More sustainable choices are available from these outlets, for example, Tesco now sells individual seed cards, similar to the ones found here. These cards can be planted after they’ve been displayed.
However, I am making it my goal in 2022 to support local card makers in my area to reduce transportation emissions and non-recyclable packaging. I am very fortunate to have a shop called Love Local Hub in Milton Keynes who sell local handmade gifts, where I will be able to purchase cards from. I stumbled across this shop by accident when I was out shopping one day, but I’m sure a quick Google search will help you to find local sellers in your area.
4) Switch to refillable candles
Anybody that knows me, knows that I love a good smelly candle. I have not, up until now, been particularly diligent in educating myself on what my candles are made from or if they contain any harmful chemicals or animal by-products. I think in part, this is because 95% of the candles that I burn are gifts and I guess the other part is my own ignorance.

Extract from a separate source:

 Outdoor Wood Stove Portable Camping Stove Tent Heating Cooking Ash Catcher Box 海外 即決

However, one thing I do think about is the waste that often comes with these beautifully jarred up candles. Time and time again, the wax doesn’t burn all the way to the bottom and I’m never sure if you can put them in the glass banks to be recycled with so much leftover wax. I recently found The Recycled Candle Company, where I now know I can send any used gifted candles with leftover wax.

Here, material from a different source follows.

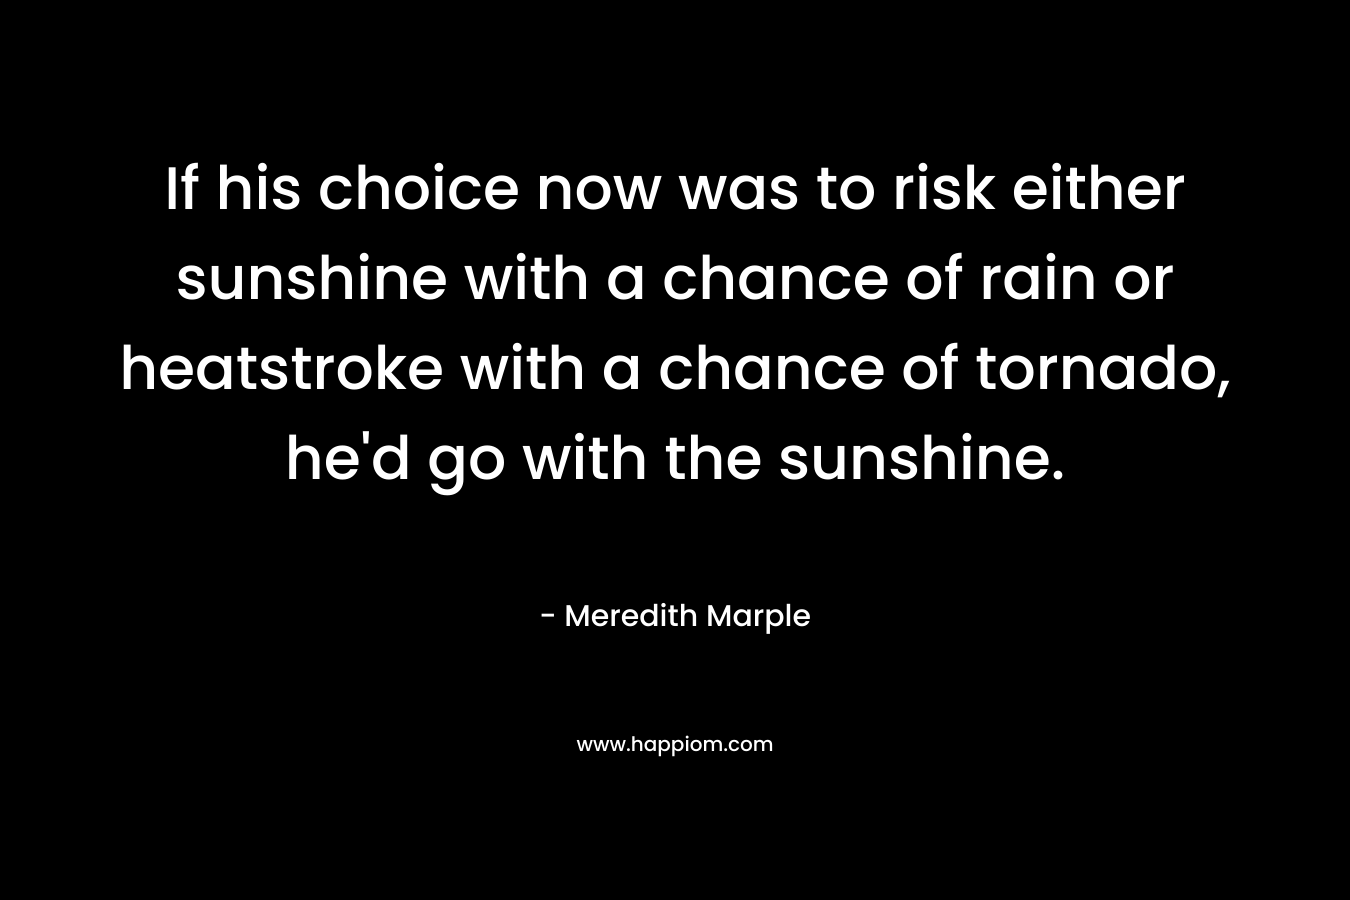 If his choice now was to risk either sunshine with a chance of rain or heatstroke with a chance of tornado, he'd go with the sunshine.

Once I’m through with all of the lovely candles I was bought for Christmas, I have decided to switch to refill candles.
Out of all the candles I have, tealights are probably the ones I use the most and they’re probably the least environmentally friendly. Therefore, my journey will start with the tealights from NAKEnDLE, a company specialising in eco-conscious candles. Their candles are all made from non-toxic coconut and rapeseed wax, which will be perfect to burn around my newborn baby.
5) Make a conscious effort to grow more fresh produce
I know how easy and rewarding this is, yet I still don’t grow a lot of my own food!
For those of you who don’t have access to a garden or stacks of time to dedicate to this, there are plenty of small projects that you can start, like starting a home compost!
At the moment, I’m growing chives and basil on my kitchen window sill and I have a very small aloe vera plant- all of which pretty much look after themselves.
I will also be growing mushrooms, as I have done in the past using the cuttings that I would normally dispose of. All it takes is a brown paper bag and a few handfuls of soil. Even for those of you who do not have green fingers, this one is really easy.
Spring onions, lettuce and garlic are all things I have grown on my windowsill in the past, using just a bowl or glass of water.
Little projects like this will allow me to reduce plastic waste and they mean that I won’t be contributing to transportation emissions and the use of environmentally damaging pesticides.
I hope that this has made you consider setting yourself small, achievable end of year sustainability targets for 2022, which you can have fun working towards.